Prior to the commencement of the Act, a Magistrate’s Court did not have admiralty jurisdiction. The Colonial Courts of Admiralty Act of 1890 conferred admiralty jurisdiction only on courts of law having unlimited jurisdiction. The preamble to the Act records that the Act was “to provide for the vesting of the powers of the admiralty courts of the Republic in the provincial and local divisions of the Supreme Court of South Africa . . .  .” (now the High Court). Moreover s 2 of the Act provides that the Supreme Court shall have jurisdiction to enforce maritime claims which are enforceable either in rem or in personam. There is no statutory provision authorising the Magistrate’s Court to entertain proceedings in rem or to exercise the other powers vested in courts exercising admiralty jurisdiction. It is accordingly submitted that a Magistrate’s Court does not enjoy admiralty jurisdiction. This view appears to derive some support from the fact that the Act specifically preserves the jurisdiction which a Magistrate’s Court has under sections 131, 136 and 151 of the Merchant Shipping Act of 1951.’ (Footnotes omitted).

The learned author then makes the point that a magistrate’s­­­­ court may hear a maritime claim falling within its ordinary jurisdiction, but the court would not be exercising admiralty jurisdiction. Should such a procedure result ‘in “undue expense or inconvenience”, a magistrate’s court would be empowered in terms of s 35 of the Magistrates’ Court’s Act, to transfer the proceedings to “any other court”’.

Mr Harpur submitted that Hofmeyr misread the Magistrates’ Courts Act in this regard.

 

[19]         During my research of the matter, my brother Olsen J drew my attention to a thesis submitted by Mr Pré Prinsloo in partial fulfilment of the requirements for the degree of Master of Laws in the Faculty of Law, Natal University (Durban) 1998-2000.  The thesis is entitled ‘The Jurisdiction of the Magistrate’s Court over Maritime Claims’. In his thesis, Mr Prinsloo deals extensively with the problem which existed prior to the enactment of the Act (that claims could be pursued in more than one court, with possibly different outcomes), and he cites a number of cases dealt with in the various magistrates’ courts prior to the Act. All the cases were the subject matter of appeals. Counsel were referred to those cases, and the thesis, and invited to make further written submissions. They both did so.

 

[20]         Mr Wallis submitted that:

(a)   The cases would all have qualified to be heard pursuant to the Colonial Courts of Admiralty Act, 1890.

(b)   Notwithstanding that fact, the magistrates’ courts exercised jurisdiction and heard the matters.

(c)    The matter of jurisdiction was not raised by any of the appeal courts. That was because the jurisdiction of the two courts overlapped at the time.

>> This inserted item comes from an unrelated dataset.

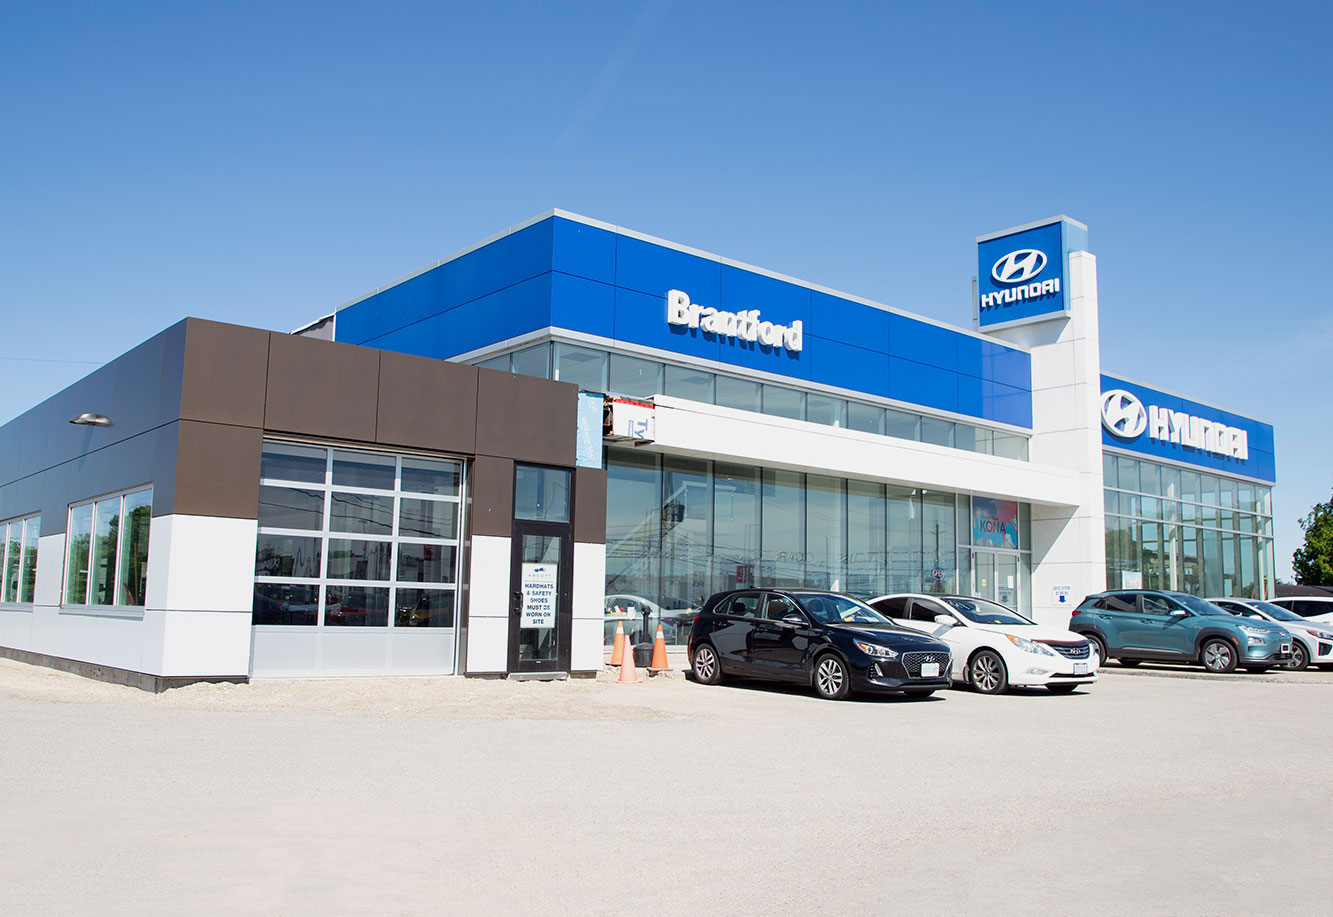 Brantford Hyundai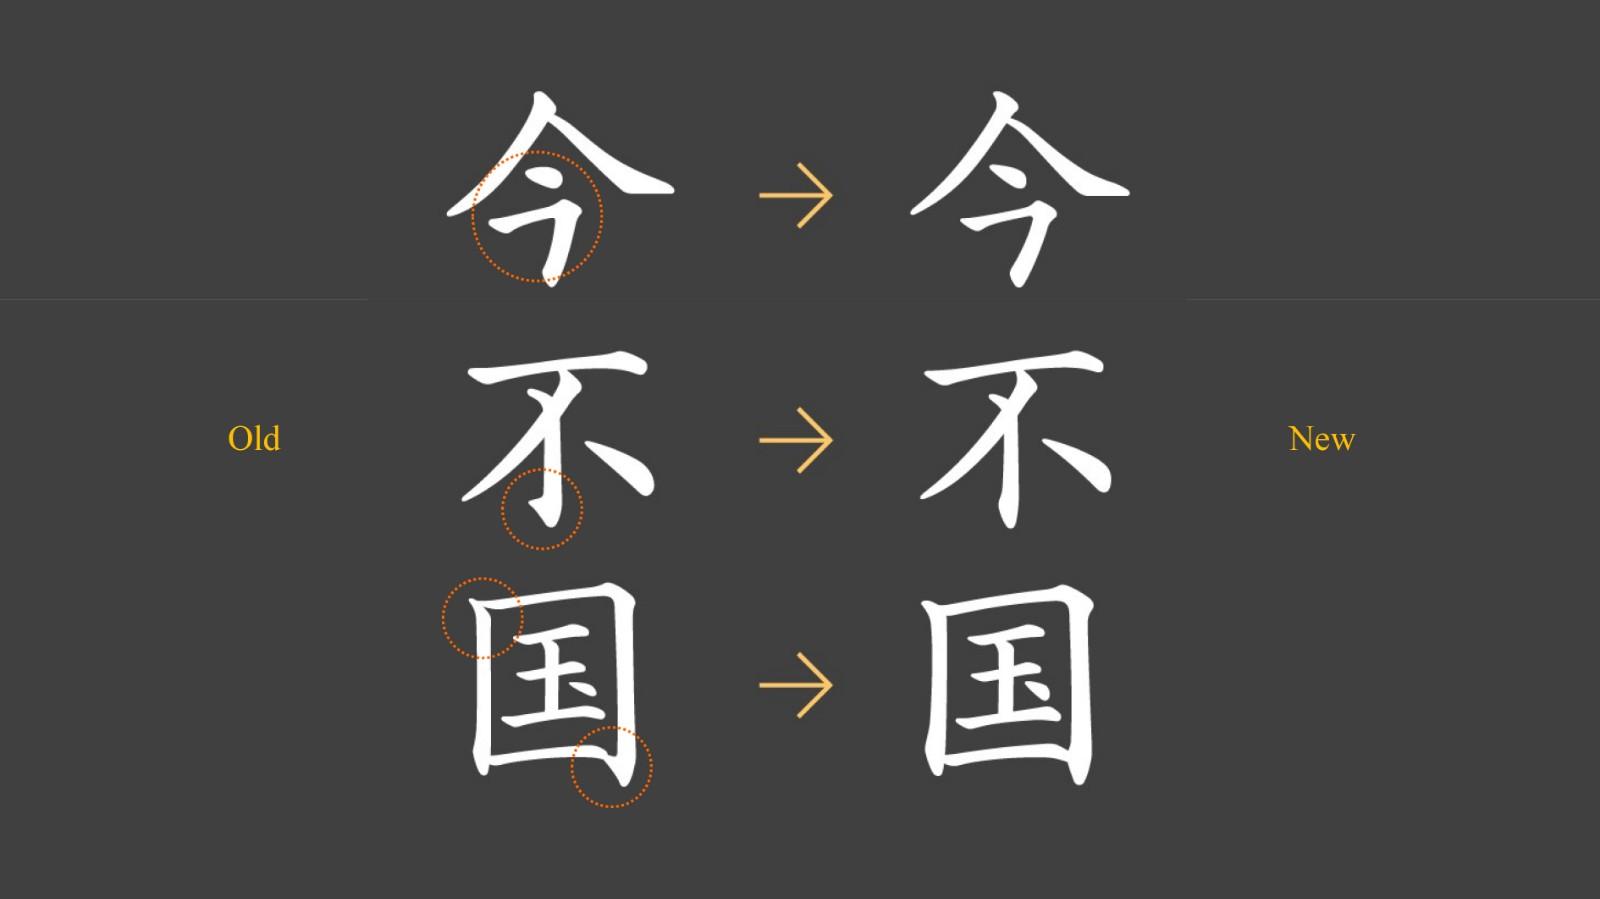 https://ft-bk1.oss-cn-zhangjiakou.aliyuncs.com/Public/Uploads/img/n_content_20201210104558_6421.jpg

(d)   The position, which was regarded as unsatisfactory, was the subject matter of the decision in Crooks & Co v Agricultural Co-Operative Union Ltd 1922 AD 423.

(e)    The problem arose because the magistrates’ courts’ jurisdiction was not limited by the Colonial Courts of Admiralty, and consequently, no jurisdictional points were raised on appeal.

(f)    Accordingly, there is nothing in the preamble to the Act which shows an intention by the legislature to revoke the jurisdiction of the magistrates’ courts which had hitherto been exercised.

 

[21]           Mr Harpur submitted that:

(a)   None of the cases cited refer to the question whether the magistrates’ courts had the jurisdiction to decide admiralty claims.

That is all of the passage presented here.